Skyline Park

Skyline Park, which runs along Arapahoe Street between 15th and 18th streets, was once a world-class example of modernist landscape design. It was created in 1970 by Lawrence Halprin and featured a multi-level topography created with cast-in-place concrete planters, berms and fountains. Now it's a ho-hum kind of place, as seen above.

The city entertained a number of bad ideas about what to do to Skyline, and in 2002, Thomas Balsley's neo-modernist redesign with expressionist pavilions was chosen. As it turned out, there wasn't enough money to complete Balsley's park, something I think he deserved, since he should never have agreed to conspire with those bent on destroying the Halprin.
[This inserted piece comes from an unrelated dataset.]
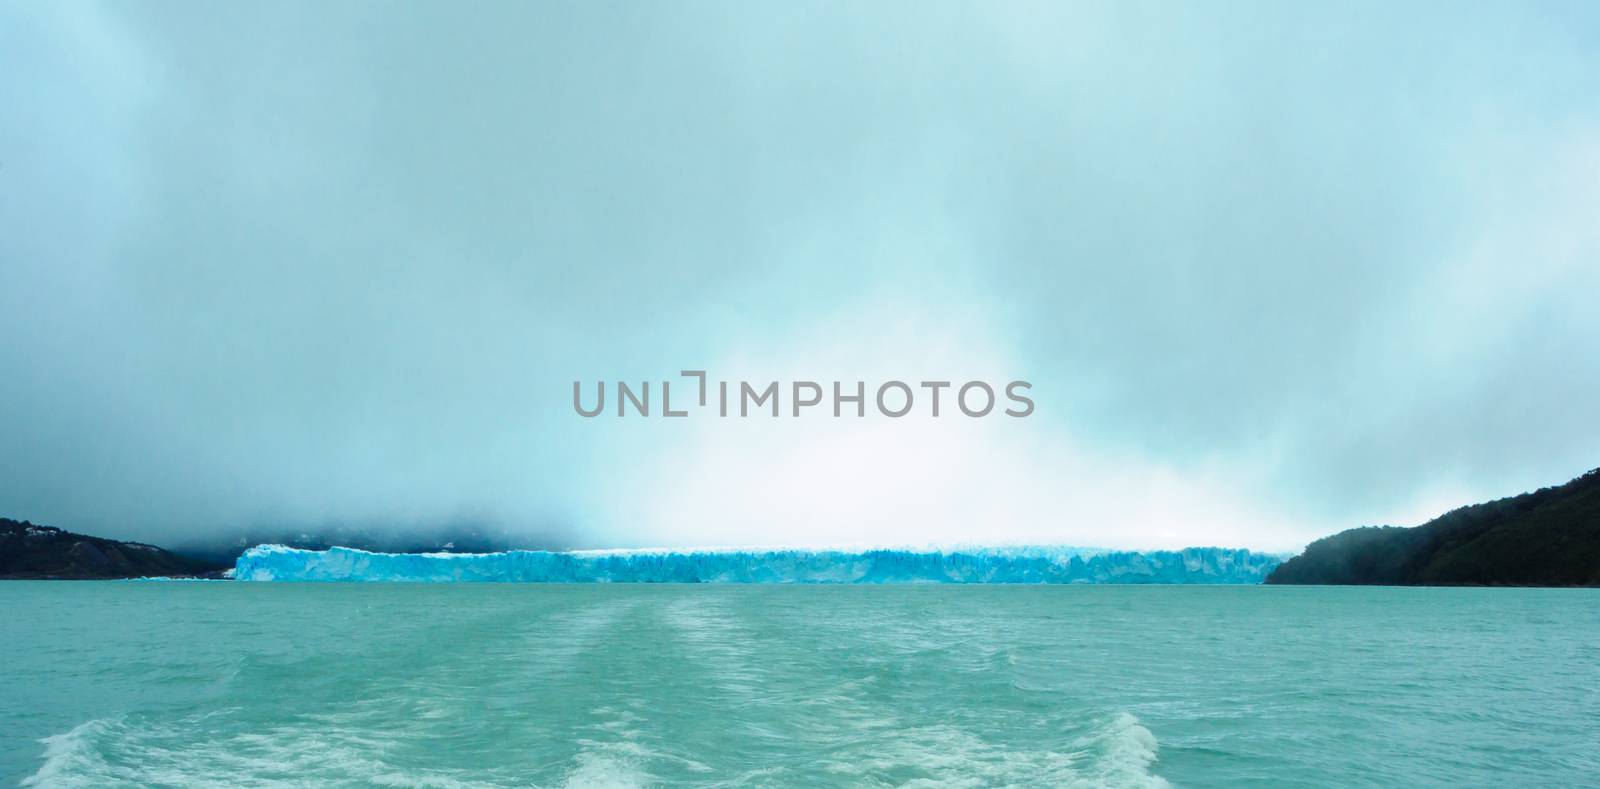 Perito Moreno Glacier, Lago Argentino, the Patagonian province of Santa Cruz, Argentina
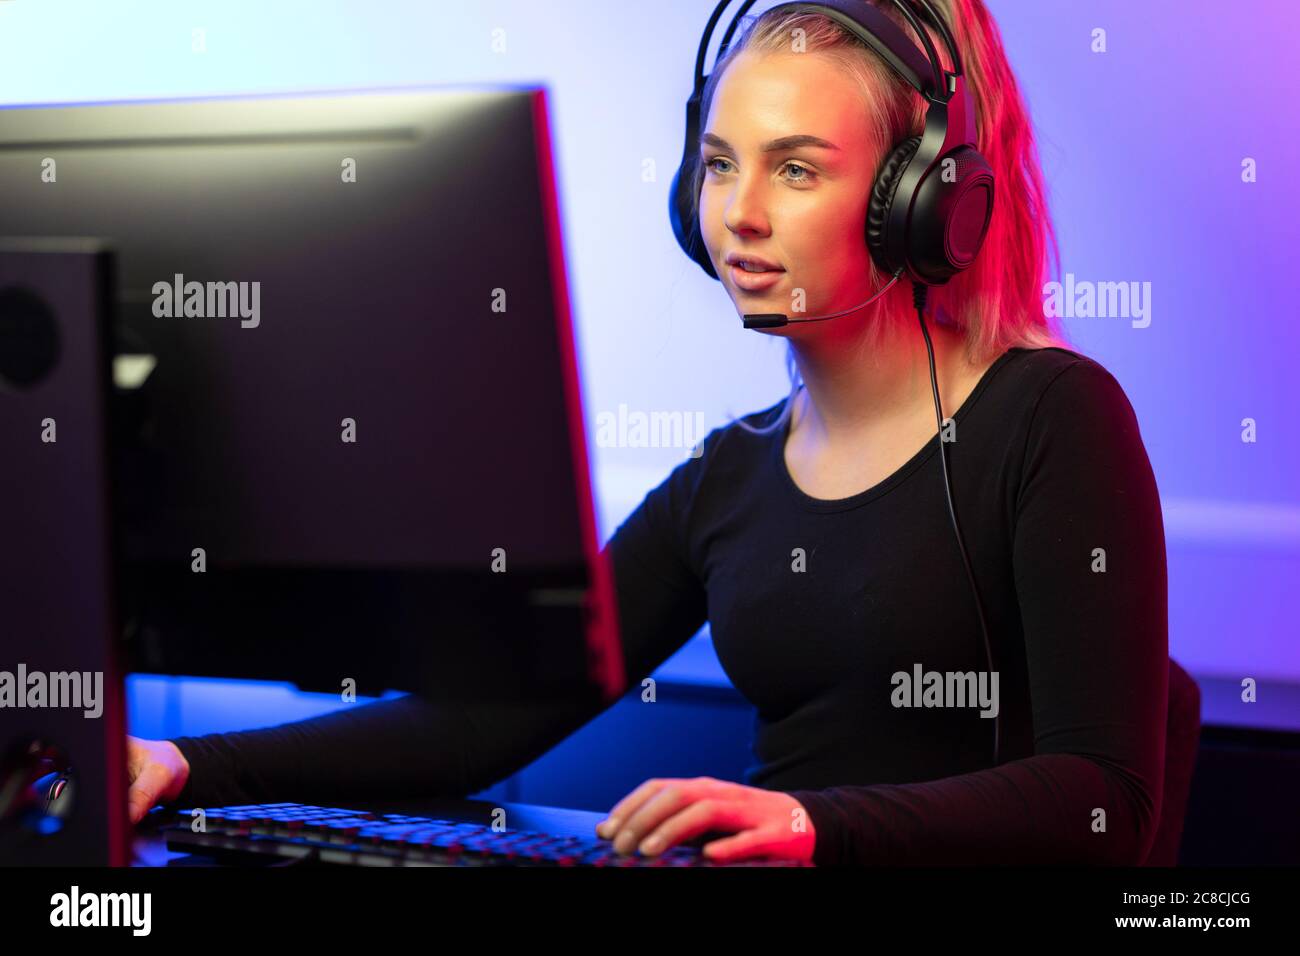 Professionnel E-sport gamer Girl avec casque jouer en ligne jeu vidéo sur PC Banque D'Images

Here's the funny part about Skyline Park: Its destruction and replacement involves some of the very same people who are right now fiddling with the Civic Center (see "Hit Parade" ). James Mejia, for instance, was the head of Denver Parks and Recreation when he oversaw the destruction of Halprin's masterpiece, and now he's project director for the construction of the Justice Center and a member of the Civic Center Conservancy. Or how about Dennis Humphries? He was involved on many levels with the Justice Center process and is also a member of the Civic Center Conservancy. And get this: Last week he unveiled his design for restrooms at the new Skyline!


Skyline Park

Arapahoe Street between 15th and 18th streets

The Humphries restrooms will be the biggest architectural element in the park aside from the D&F Tower, so not only will Skyline no longer be a Halprin, it's never going to be a Balsley, either. What a waste. Denver could have still had the Halprin and have hired Balsley to design some other park in town, but instead, those civic soothsayers who always run the show made sure we have neither.